No. Anything you filter, join, or sort on a lot — or that needs a constraint or a real type — should be a normal column. Use JSON for the variable, rarely-queried extras and you get the best of both worlds.
Put it all together — a brief, a blank canvas, and the expected result in the comments. Write it, then copy it into a playground to confirm.
Practice quiz
In PostgreSQL, which type should you usually prefer for JSON data?
- json
- text
- jsonb
- varchar
Answer: jsonb. jsonb is binary, faster to query, dedupes keys, and supports GIN indexing — preferred 99% of the time.
How does json differ from jsonb in PostgreSQL?
- json keeps raw text and key order; jsonb stores a binary, indexable form
- json is faster to query than jsonb
- jsonb cannot store nested objects
- They are identical
Answer: json keeps raw text and key order; jsonb stores a binary, indexable form. json preserves exact whitespace and key order but can't be indexed; jsonb is decomposed binary and indexable.
What does the ->> operator return?
- A field as json/jsonb
- A whole row
- An array length
- A field as TEXT
Answer: A field as TEXT. ->> extracts a field and returns it as text; -> keeps it as json/jsonb.
Which operator keeps the result as json so you can chain another arrow onto it?
- ->>
- ->
- #>>
- @>
Answer: ->. -> returns json/jsonb (chainable); ->> returns text.

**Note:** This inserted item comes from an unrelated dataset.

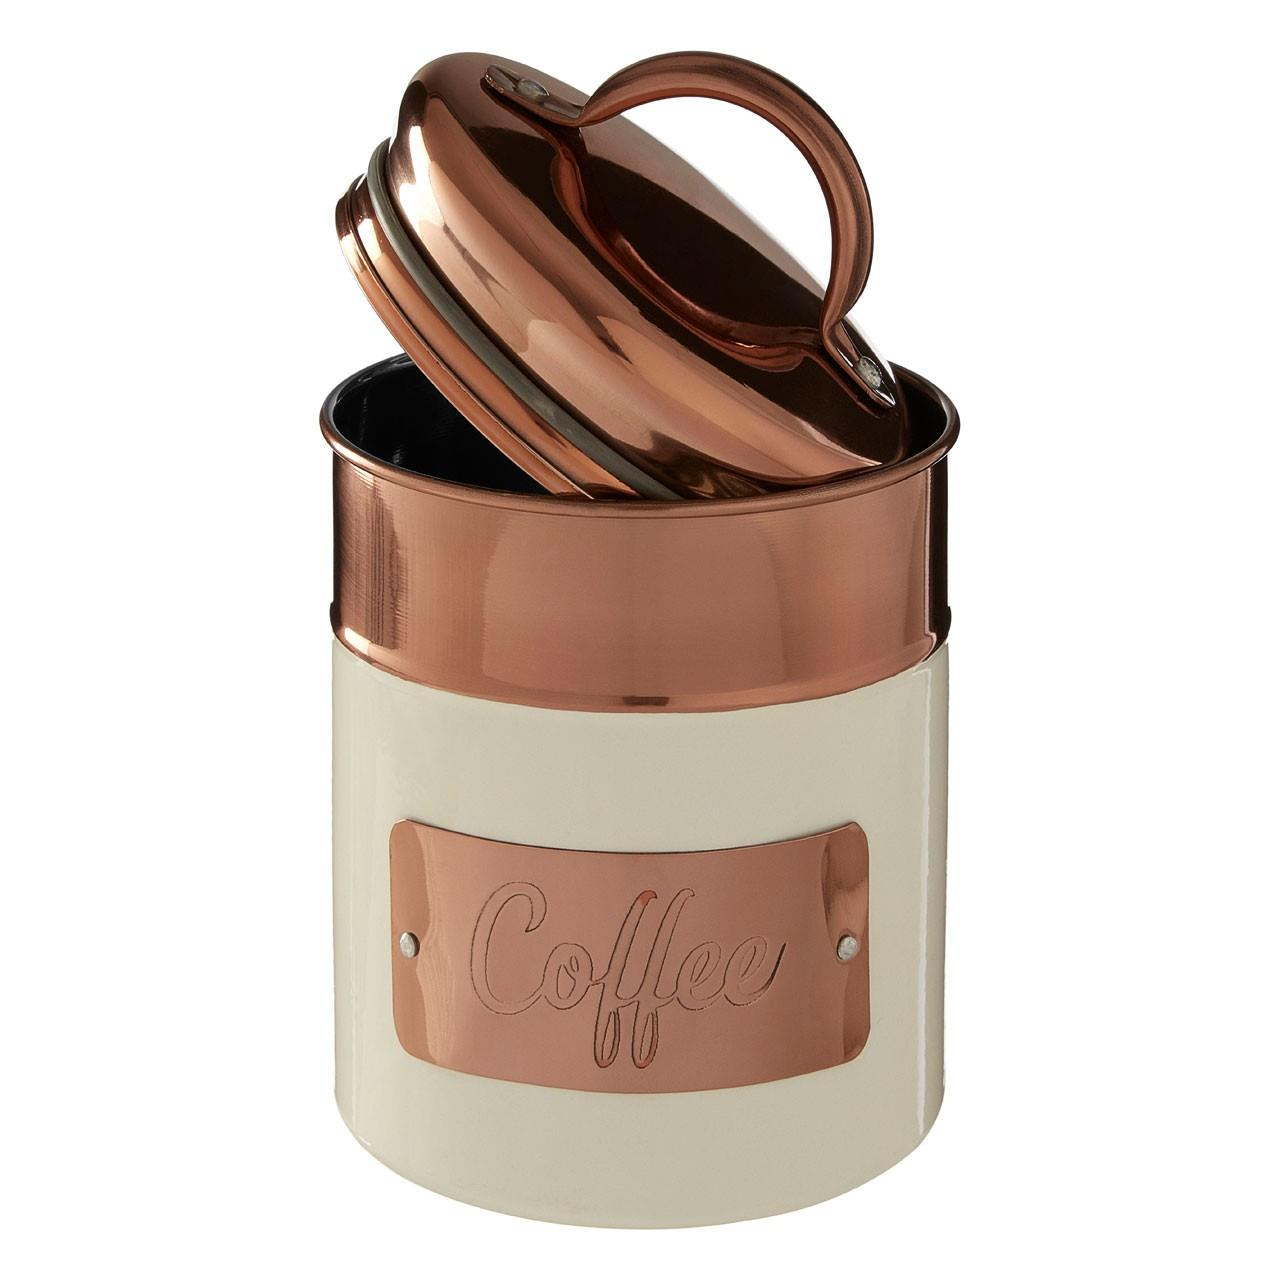 Prescott-Cream-Copper-Bread-Bin-Biscuit-Sugar-Coffee-Canister-Utensil-Holder thumbnail 16

Why must you cast (payload ->> 'total')::numeric before a numeric comparison?
- ->> returns text, which sorts character by character
- Casting makes the query faster
- numeric is the only allowed type
- Without it the query errors on every JSON column
Answer: ->> returns text, which sorts character by character. Text comparison gives wrong results (e.g. '999.99' < '30'), so cast extracted numbers.

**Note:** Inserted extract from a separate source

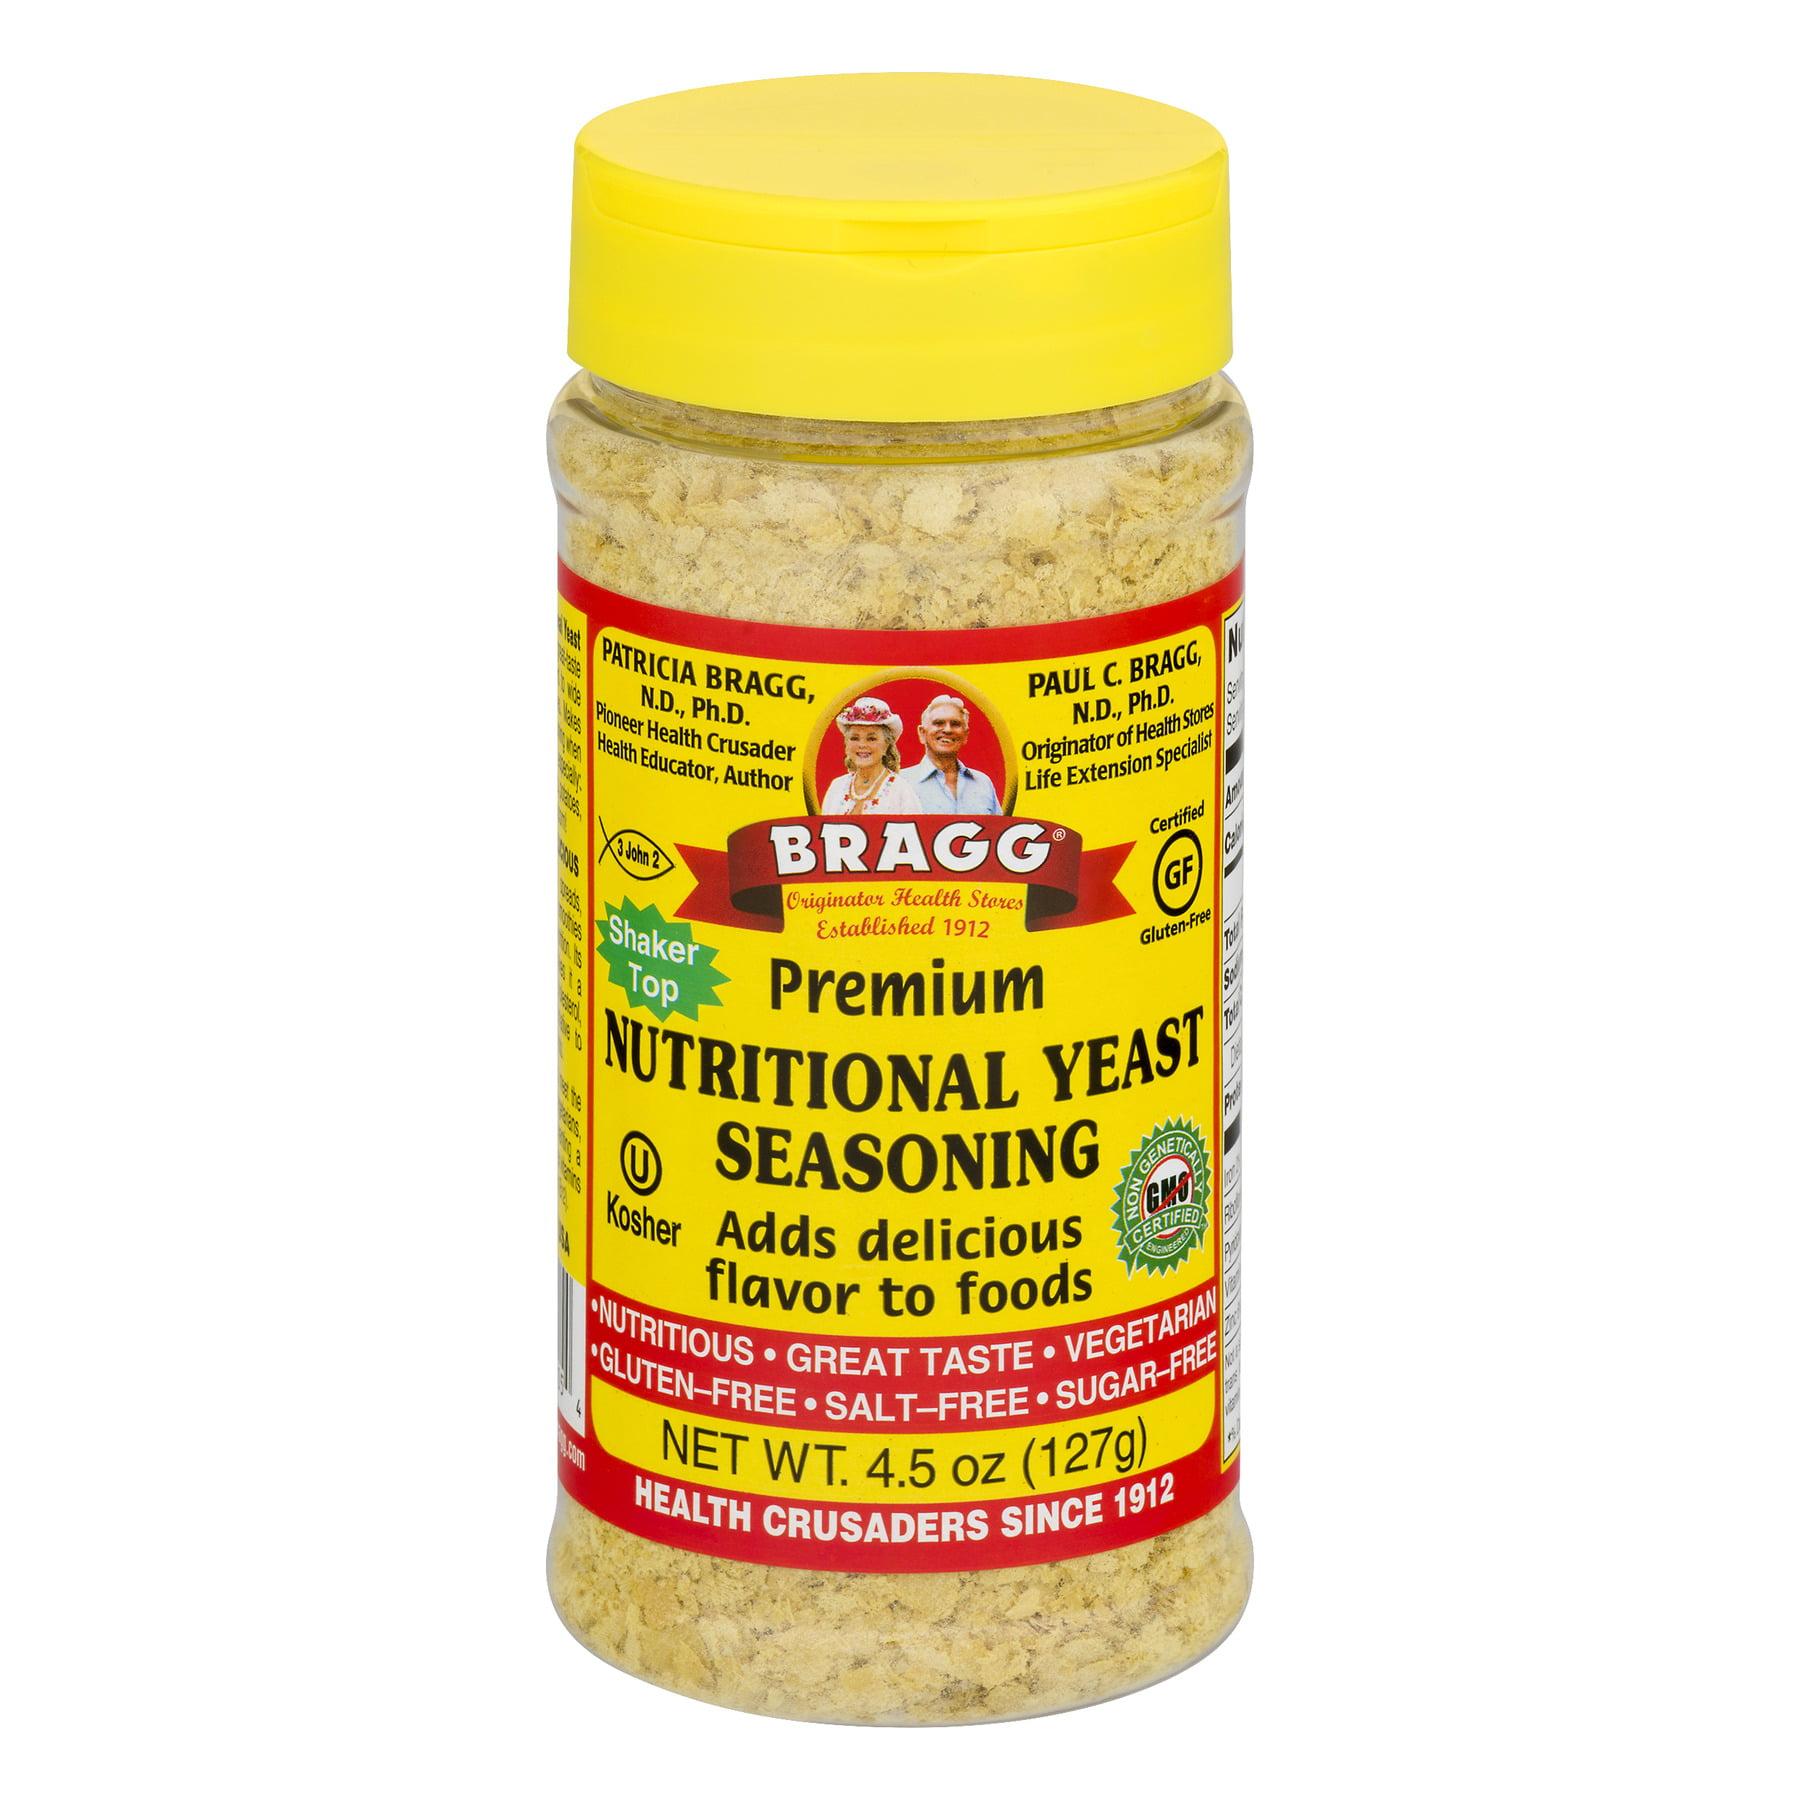 Bragg Premium Nutritional Yeast Seasoning, 4.5 OZ

What does the containment operator @> test?
- Whether two documents are equal
- Whether a key is missing
- Whether the left document contains a given JSON subset
- The size of the document
Answer: Whether the left document contains a given JSON subset. @> asks 'does the left document contain this subset?', matching nested keys/values, and it can use a GIN index.
What does jsonb_set(target, path, new_value) return?
- The original document unchanged
- A modified copy of the document
- Only the changed field
- A boolean
Answer: A modified copy of the document. jsonb_set returns a modified copy; the path is a text array like '{customer,tier}'.
Which index type makes @> and key-existence queries on jsonb fast?
- A B-tree on the whole column
- A UNIQUE index
- No index can help
- A GIN index
Answer: A GIN index. GIN (Generalized INverted) indexes catalogue keys/values so containment lookups are fast.
In MySQL, what is the ->> operator shorthand for?
- JSON_EXTRACT only — returns JSON
- JSON_UNQUOTE(JSON_EXTRACT(...)) — extract as text
- JSON_TABLE
- JSON_SET
Answer: JSON_UNQUOTE(JSON_EXTRACT(...)) — extract as text. MySQL's ->> returns unquoted text; -> and JSON_EXTRACT return JSON.
When should a JSON field be promoted to a normal column?
- When it is rarely queried
- When its shape varies per row
- When you filter, sort, join, or constrain it often
- Never — JSON is always better
Answer: When you filter, sort, join, or constrain it often. Frequently filtered/joined fields, or those needing constraints/real types, belong in proper columns; JSON suits the variable, rarely-queried parts.